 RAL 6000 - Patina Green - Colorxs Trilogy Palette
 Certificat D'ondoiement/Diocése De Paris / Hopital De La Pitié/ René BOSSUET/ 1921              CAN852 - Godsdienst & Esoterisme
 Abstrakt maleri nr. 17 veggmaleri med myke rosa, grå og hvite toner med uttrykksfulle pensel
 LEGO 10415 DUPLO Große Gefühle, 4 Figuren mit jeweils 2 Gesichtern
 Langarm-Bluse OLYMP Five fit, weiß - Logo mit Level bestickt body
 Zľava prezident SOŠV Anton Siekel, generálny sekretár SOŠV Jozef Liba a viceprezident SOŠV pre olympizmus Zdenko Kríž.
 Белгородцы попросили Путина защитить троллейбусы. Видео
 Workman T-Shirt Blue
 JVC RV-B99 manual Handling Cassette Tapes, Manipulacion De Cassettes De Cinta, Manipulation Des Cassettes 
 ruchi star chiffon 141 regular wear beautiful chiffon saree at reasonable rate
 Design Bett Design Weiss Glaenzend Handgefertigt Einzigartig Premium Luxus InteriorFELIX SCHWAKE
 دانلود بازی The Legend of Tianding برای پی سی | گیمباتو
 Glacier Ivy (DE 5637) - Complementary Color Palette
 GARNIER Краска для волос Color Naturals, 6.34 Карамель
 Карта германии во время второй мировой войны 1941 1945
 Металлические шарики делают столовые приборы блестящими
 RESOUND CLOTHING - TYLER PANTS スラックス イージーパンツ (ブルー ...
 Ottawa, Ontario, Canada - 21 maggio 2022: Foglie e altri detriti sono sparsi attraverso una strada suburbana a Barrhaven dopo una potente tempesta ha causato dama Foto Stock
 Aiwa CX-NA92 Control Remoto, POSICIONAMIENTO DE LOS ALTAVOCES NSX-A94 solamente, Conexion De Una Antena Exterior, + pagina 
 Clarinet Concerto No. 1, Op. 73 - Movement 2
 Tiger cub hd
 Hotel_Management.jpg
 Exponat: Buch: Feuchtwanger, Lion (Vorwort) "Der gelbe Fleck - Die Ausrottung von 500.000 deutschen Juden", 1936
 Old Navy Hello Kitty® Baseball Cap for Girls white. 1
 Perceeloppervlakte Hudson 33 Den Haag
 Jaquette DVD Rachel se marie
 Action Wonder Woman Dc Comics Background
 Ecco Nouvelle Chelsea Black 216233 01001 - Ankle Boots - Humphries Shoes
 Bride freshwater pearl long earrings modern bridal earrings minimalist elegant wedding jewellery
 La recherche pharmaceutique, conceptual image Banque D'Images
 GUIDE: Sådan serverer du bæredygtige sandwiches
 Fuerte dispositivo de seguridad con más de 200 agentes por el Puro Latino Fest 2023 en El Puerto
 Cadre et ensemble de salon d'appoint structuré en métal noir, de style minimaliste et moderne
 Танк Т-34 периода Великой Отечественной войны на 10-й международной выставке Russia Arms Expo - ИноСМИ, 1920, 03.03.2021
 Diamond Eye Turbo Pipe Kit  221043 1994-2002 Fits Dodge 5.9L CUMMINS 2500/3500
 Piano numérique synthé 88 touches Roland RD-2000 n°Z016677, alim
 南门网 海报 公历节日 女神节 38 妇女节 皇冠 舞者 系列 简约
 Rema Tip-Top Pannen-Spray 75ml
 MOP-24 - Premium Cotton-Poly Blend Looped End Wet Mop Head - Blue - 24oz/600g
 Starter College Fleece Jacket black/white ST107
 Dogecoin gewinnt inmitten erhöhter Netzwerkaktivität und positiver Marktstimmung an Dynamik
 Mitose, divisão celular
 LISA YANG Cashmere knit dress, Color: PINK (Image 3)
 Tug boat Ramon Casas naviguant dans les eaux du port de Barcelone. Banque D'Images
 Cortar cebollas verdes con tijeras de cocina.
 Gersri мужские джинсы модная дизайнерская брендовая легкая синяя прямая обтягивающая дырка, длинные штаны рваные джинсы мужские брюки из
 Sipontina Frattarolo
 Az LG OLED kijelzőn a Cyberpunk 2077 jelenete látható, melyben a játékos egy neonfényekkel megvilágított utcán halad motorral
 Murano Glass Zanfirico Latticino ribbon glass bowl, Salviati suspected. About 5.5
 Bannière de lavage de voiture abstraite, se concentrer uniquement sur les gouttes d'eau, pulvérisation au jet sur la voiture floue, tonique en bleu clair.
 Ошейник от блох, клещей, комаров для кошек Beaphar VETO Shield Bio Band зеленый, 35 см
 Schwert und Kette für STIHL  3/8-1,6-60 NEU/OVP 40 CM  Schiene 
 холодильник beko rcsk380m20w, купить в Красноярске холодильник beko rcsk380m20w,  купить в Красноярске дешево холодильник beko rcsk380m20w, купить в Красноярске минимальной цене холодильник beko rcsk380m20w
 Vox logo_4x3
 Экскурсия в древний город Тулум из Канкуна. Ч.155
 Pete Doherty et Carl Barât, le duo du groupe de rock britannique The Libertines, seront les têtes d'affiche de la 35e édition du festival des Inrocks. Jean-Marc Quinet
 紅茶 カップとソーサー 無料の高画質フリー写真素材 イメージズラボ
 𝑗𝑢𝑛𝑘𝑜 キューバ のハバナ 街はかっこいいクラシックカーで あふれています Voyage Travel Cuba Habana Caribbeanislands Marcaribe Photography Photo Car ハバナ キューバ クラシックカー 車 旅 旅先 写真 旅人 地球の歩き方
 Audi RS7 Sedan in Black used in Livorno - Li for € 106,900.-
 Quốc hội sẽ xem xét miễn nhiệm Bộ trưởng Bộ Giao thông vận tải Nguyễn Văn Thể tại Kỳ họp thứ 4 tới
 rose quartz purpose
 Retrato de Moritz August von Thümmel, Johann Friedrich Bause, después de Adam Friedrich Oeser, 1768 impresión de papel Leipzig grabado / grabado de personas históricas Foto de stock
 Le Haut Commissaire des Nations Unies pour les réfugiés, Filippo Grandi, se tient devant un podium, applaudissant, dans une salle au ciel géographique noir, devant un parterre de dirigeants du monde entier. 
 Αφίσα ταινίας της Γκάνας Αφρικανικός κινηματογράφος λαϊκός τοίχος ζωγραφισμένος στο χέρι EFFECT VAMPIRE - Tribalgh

#### [What the task asks]
Once you find the line with "南门网 海报 公历节日 女神节 38 妇女节 皇冠 舞者 系列 简约" in the entries above, output it and each line after it up to and including the line with "Cortar cebollas verdes", and nothing else.

#### [Finished task]
 南门网 海报 公历节日 女神节 38 妇女节 皇冠 舞者 系列 简约
 Rema Tip-Top Pannen-Spray 75ml
 MOP-24 - Premium Cotton-Poly Blend Looped End Wet Mop Head - Blue - 24oz/600g
 Starter College Fleece Jacket black/white ST107
 Dogecoin gewinnt inmitten erhöhter Netzwerkaktivität und positiver Marktstimmung an Dynamik
 Mitose, divisão celular
 LISA YANG Cashmere knit dress, Color: PINK (Image 3)
 Tug boat Ramon Casas naviguant dans les eaux du port de Barcelone. Banque D'Images
 Cortar cebollas verdes con tijeras de cocina.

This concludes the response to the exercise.